Alzheimer’s disease (AD) is a common form of dementia affecting the elderly worldwide. It is a multifactorial neurodegenerative disorder with no known preventive therapy. Many of the drugs used in the treatment of AD, such as galantamine, rivastigmine, and donepezil, have unpleasant side effects, and hence physicians are keen to find alternatives. Research has shown that plants and their phytochemicals can alleviate AD. These plant products can act through various modes, such as inhibition of amyloid β, acetylcholine, and γ-secretase, modulation of antioxidants, and α-secretase activation, which are known to involve in the improvement of brain functions. A recent approach that has garnered the attention of many researchers in designing a drug against AD is the multi-target-directed ligand (MTDL), wherein the same molecule act on multiple targets. Many studies have reported the potential of herbs to act on multiple targets and display biological properties. The current review summarizes the ongoing evidence on the use of herbs and their derived bioactive molecules in the treatment of AD and in relieving disease-associated pathological events. Currently available plant-derived MTDLs for the treatment or slowing down of the progression of AD are also discussed.

Introduction

Alzheimer’s disease (AD) is an irreversible, chronic neurodegenerative disorder characterized by deterioration of cognitive functions and behavioral disturbances [Citation1]. Globally, AD is the most common cause of dementia, affecting approximately 46.8 million people and expected to increase up to 131.5 million by 2050 [Citation2]. The probability of AD aggressively increases with age, more particularly after the age of 65. Thus, age is the primary risk factor for AD development [Citation3]. AD developed after 65 years of age is referred to as ‘sporadic’ (or late-onset), whereas AD developed before 65 is classified as ‘familial’ (or early-onset). Several complex pathogenic pathways are involved in the progression and development of the disease, including plaque formation, inflammatory cascade, oxidative stress, and cholinergic deficit [Citation4]. These cognitive deficits lead to memory-related clinical symptoms, such as loss of episodic and newly learned memories [Citation5] .

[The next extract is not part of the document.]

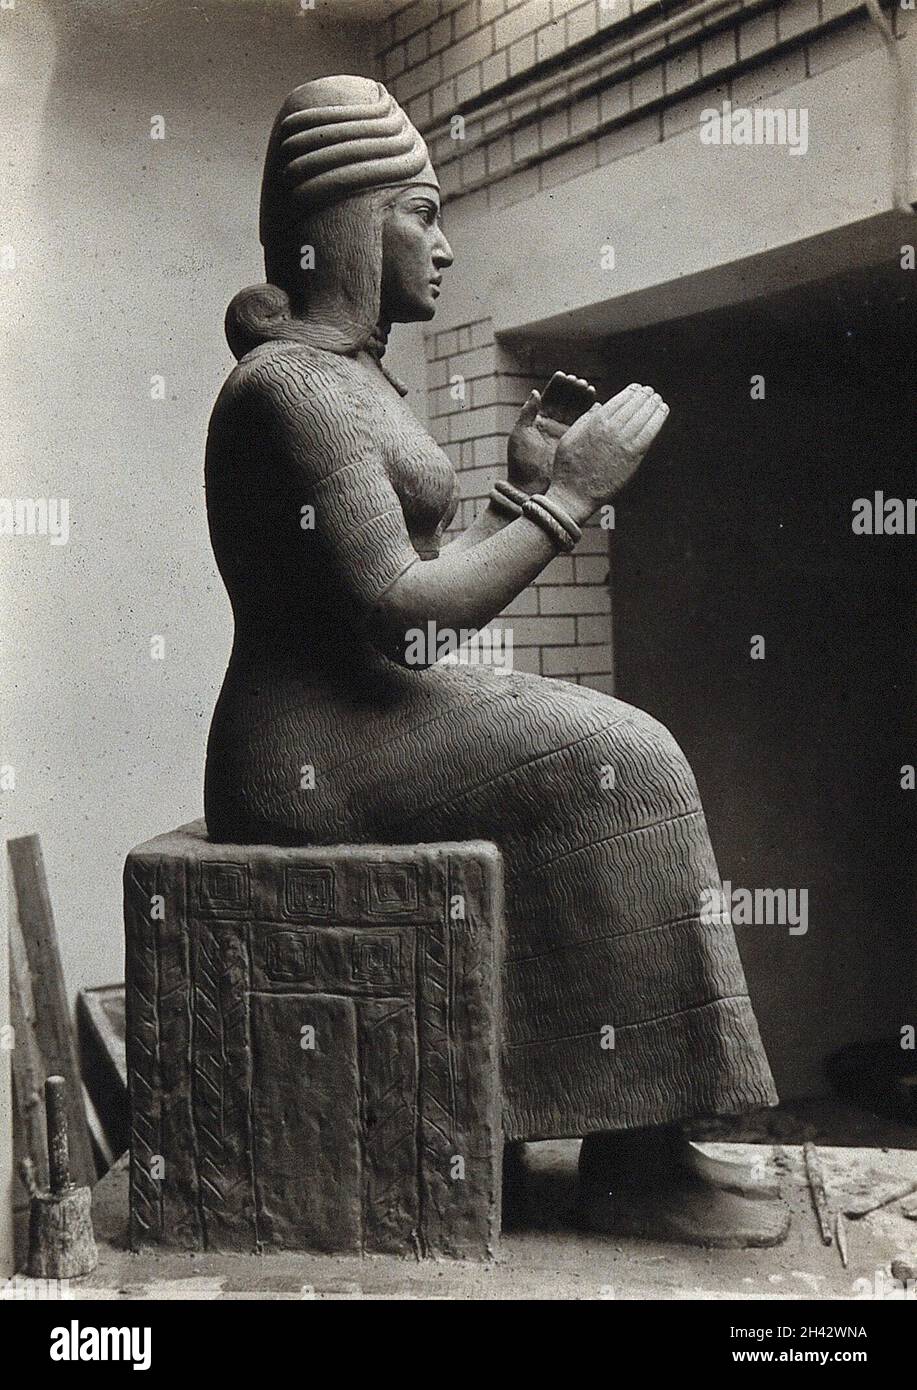 Una scultura di Guna, divinità mesopotamiana di guarigione, con un cane al suo fianco. Fotografia. Foto Stock

Acetylcholine- and glutamate-producing neurons are known to be damaged during AD, thereby affecting the synapses associated with them. This is in agreement with the early cognitive symptoms observed in AD [Citation6]. The main factor for the degeneration of neurons is due to the increased activity of cholinesterases (ChEs), which leads to a decrease in acetylcholine (ACh) levels, which in turn stops the neuronal transmission signals [Citation7]. Studies have also established that acetylcholinesterase (AChE) promote Aβ aggregation and a notable increase in the cortical levels of butyrylcholinesterase (BuChE), which is related to the formation of Aβ plaques and neurofibrillary tangles (NFTs) [Citation8–10].

Many natural compounds are known to have neuroprotective effects during AD. A large family of plant isolates has proven to be a modality for treatment by their inhibitory effect on Aβ, cholinesterase, beta, and gamma secretases. Potent activation of alpha secretases by plant products also substantiates the neuroprotective effect. This review gives a detailed insight into the list of plants and their isolates as neuroprotective agents during AD.

Molecular mechanism of AD

The formation of NFTs and senile plaques are the main histopathological hallmarks of AD [Citation11]. The senile plaques contain amyloid-beta (Aβ) peptide, which consists of 37–49 amino acid residues and are formed by the extracellular and transmembrane domains of amyloid precursor protein (APP) [Citation12]. In plaques, the oligomers might be trapped in fibrillar aggregates. Oligomers may be the hazardous Aβ species that contribute to signaling pathway deregulation (Fyn, FAK, GSK3b, and CDK5), causing changes in cytoskeletal and synaptic proteins, as well as synaptic and neural damage [Citation13] (). During sporadic AD, APP is cleaved by gamma and beta secretases to form 4 kDa Aβ peptide. The cleavage product has a strong tendency to form aggregates. Aβ accumulation has been one of the major pathological events resulting from an imbalance between production and clearance [Citation14]. The Aβ aggregation process initiates by self-assembling of Aβ monomers into low molecular weight oligomers, which in turn results in the formation of high molecular weight oligomers known as soluble aggregation intermediates. These further aggregate to form fibrils and accumulate in the brain [Citation15,Citation16]. It is believed that microglia and astrocytes then mount an inflammatory response to clear the amyloid aggregates, and this inflammation likely causes the destruction of adjacent neurons and their neurites.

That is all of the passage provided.